Catching Up With Amy Miller

Where can we read some of your recent work?

I recently had a nice little clump of publications: six poems that were finalists for Radar’s Coniston Prize, a poem that was a runner-up in Sweet’s literary contest, and three pandemic poems featured in the Spring Creek Project’s “The Nature of Isolation” series. Poems also appear in the Rewilding and Show Us Your Papers anthologies, and an essay on my *very* awkward first reading was published in the anthology Far Villages: Welcome Essays for Beginning Poets

What are you reading right now?

Recently I read a nonfiction book that was so good that I went back to the beginning and started reading it again—Michael Lewiss latest, The Fifth Risk. On the surface, it’s about the government “transition” between the Obama and Trump administrations in January 2017, and it’s frightening and exasperating on that level because—good lord, what ball was not dropped by the incoming regime? But most of the book is an in-the-weeds exploration of how the U.S. government works, particularly the Departments of Energy, Agriculture, and Commerce, all of which do way more than most people realize, with extremely high stakes—these are agencies than ensure nuclear missiles don’t fall out of planes, power grids don’t go down, and discoveries are made in weather forecasting that save millions of lives. The book is also a love letter to civil servants, brilliant people toiling in obscure government jobs because they’re passionate about keeping Americans safe and dedicated to pure science, people who work in ugly concrete buildings when they could be making a lot more money doing something else. People whose jobs really matter.
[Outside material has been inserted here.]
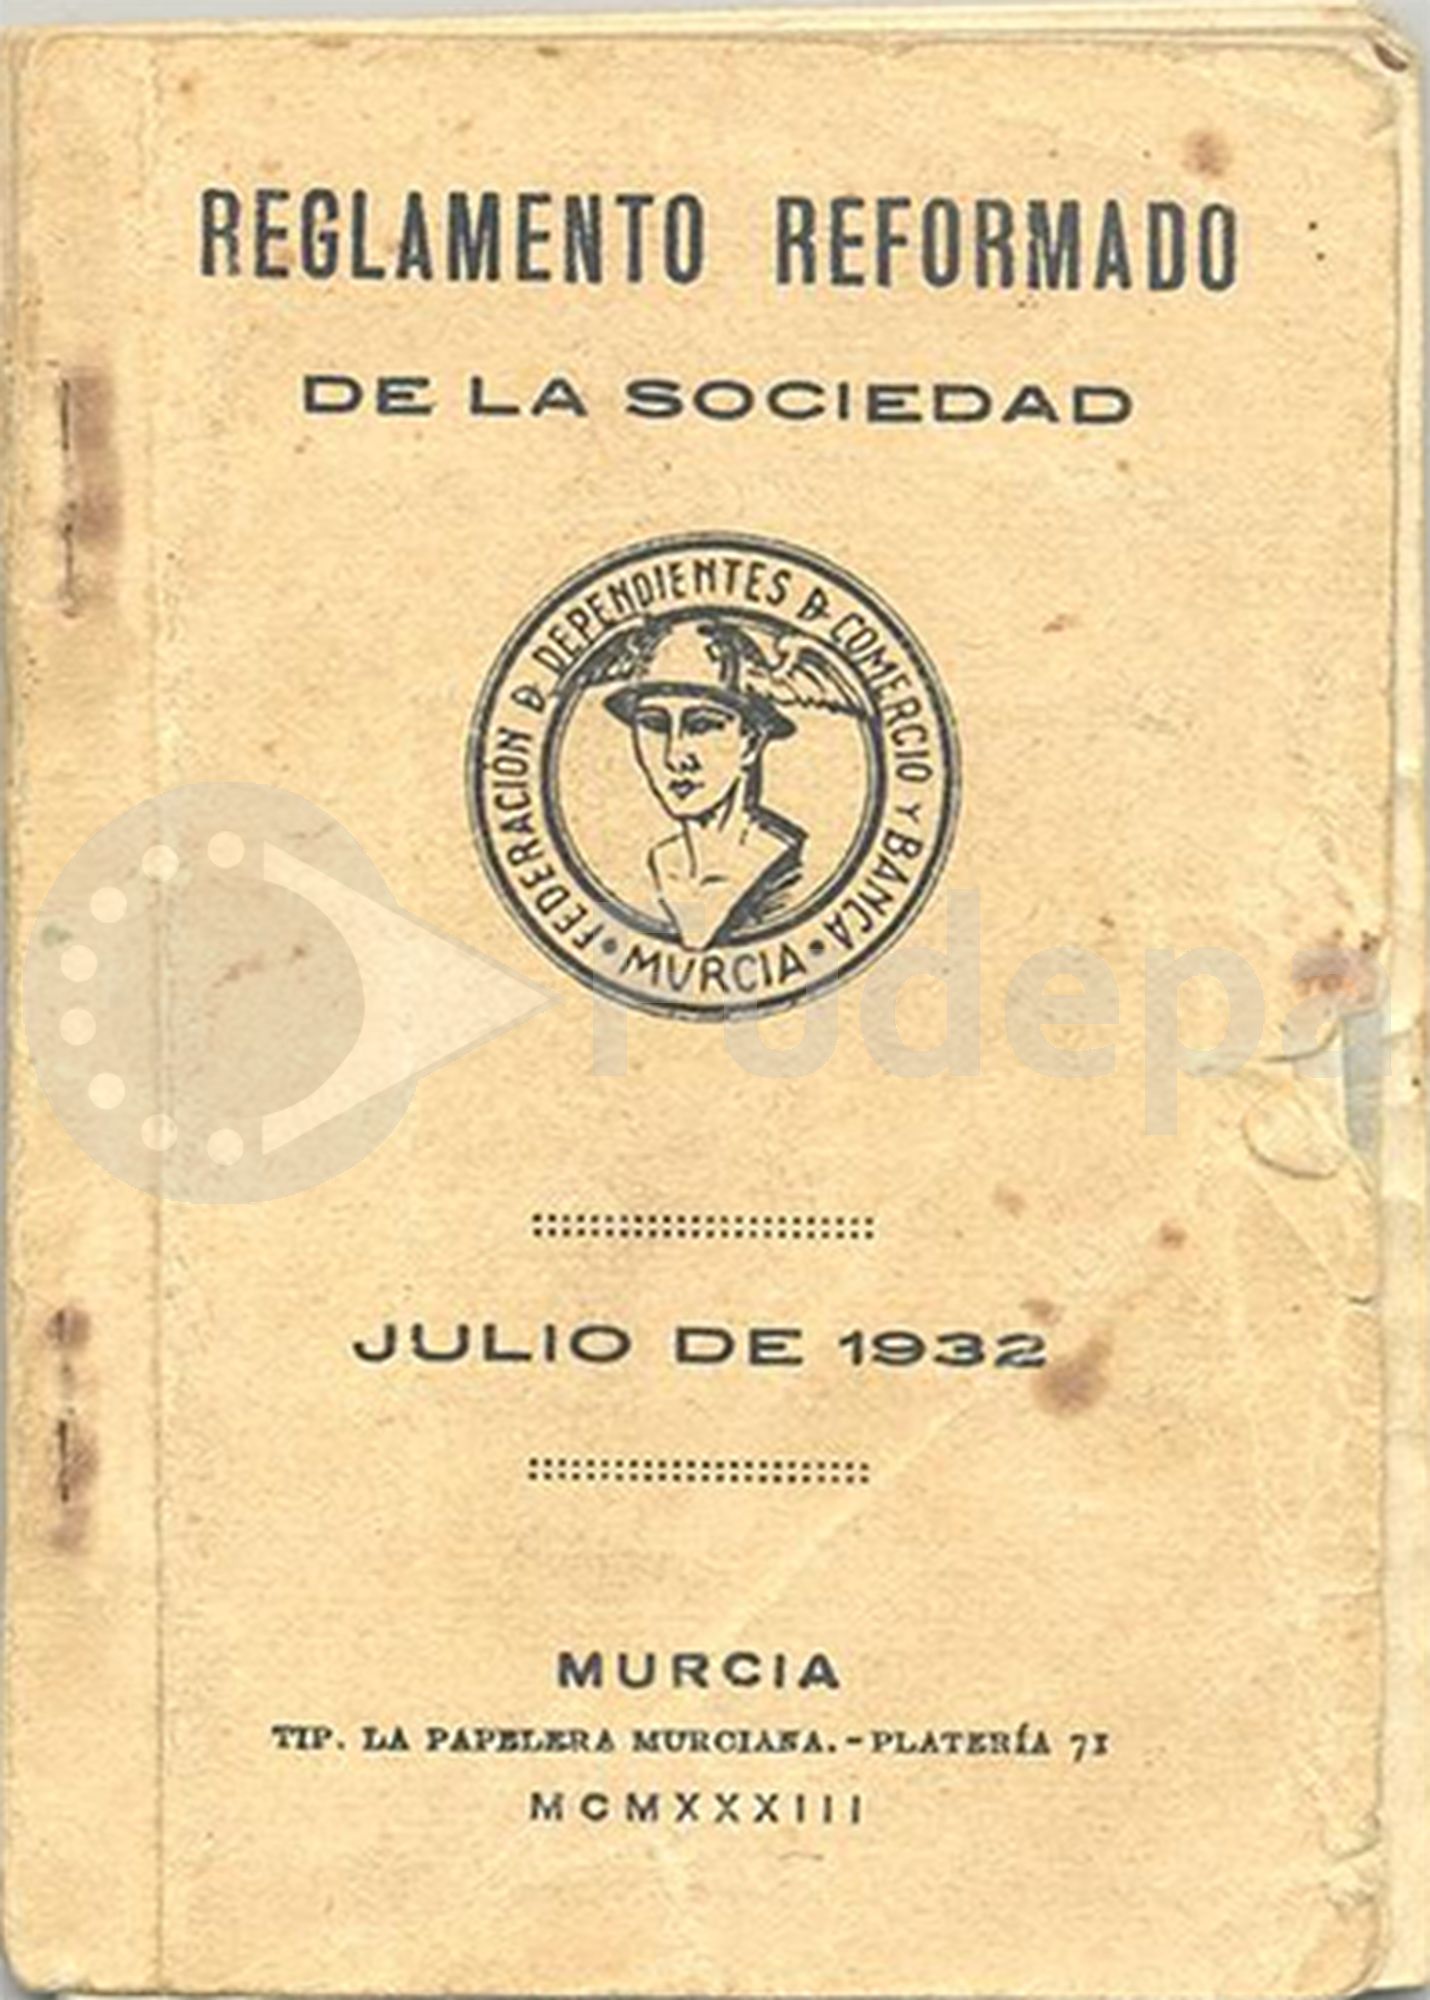 Reglamento Reformado de la Sociedad de Dependientes de Comercio y Banca Instructiva de Murcia. Julio de 1932. Donado por Francisco Ruiz Chacón. FUDEPA. AHUGT-A: C_ 12876/24

I wish I’d read this book at age 20; it might have changed my career path.

What’s next for you?

I’m at work on a second full-length poetry manuscript, a novel, and a travel memoir. A local art gallery is carrying my origami poetry boxes. I’ll be hosting and emceeing our town’s popular annual William Stafford Celebration—via Zoom this time!—in January. 

BIO:

Amy Miller’s full-length poetry collection The Trouble with New England Girls won the Louis Award from Concrete Wolf Press. Her writing has appeared in Barrow Street, Gulf Coast, Tinderbox, Tupelo Quarterly, Willow Springs, and ZYZZYVA. Her latest chapbook is I Am on a River and Cannot Answer (BOAAT Press).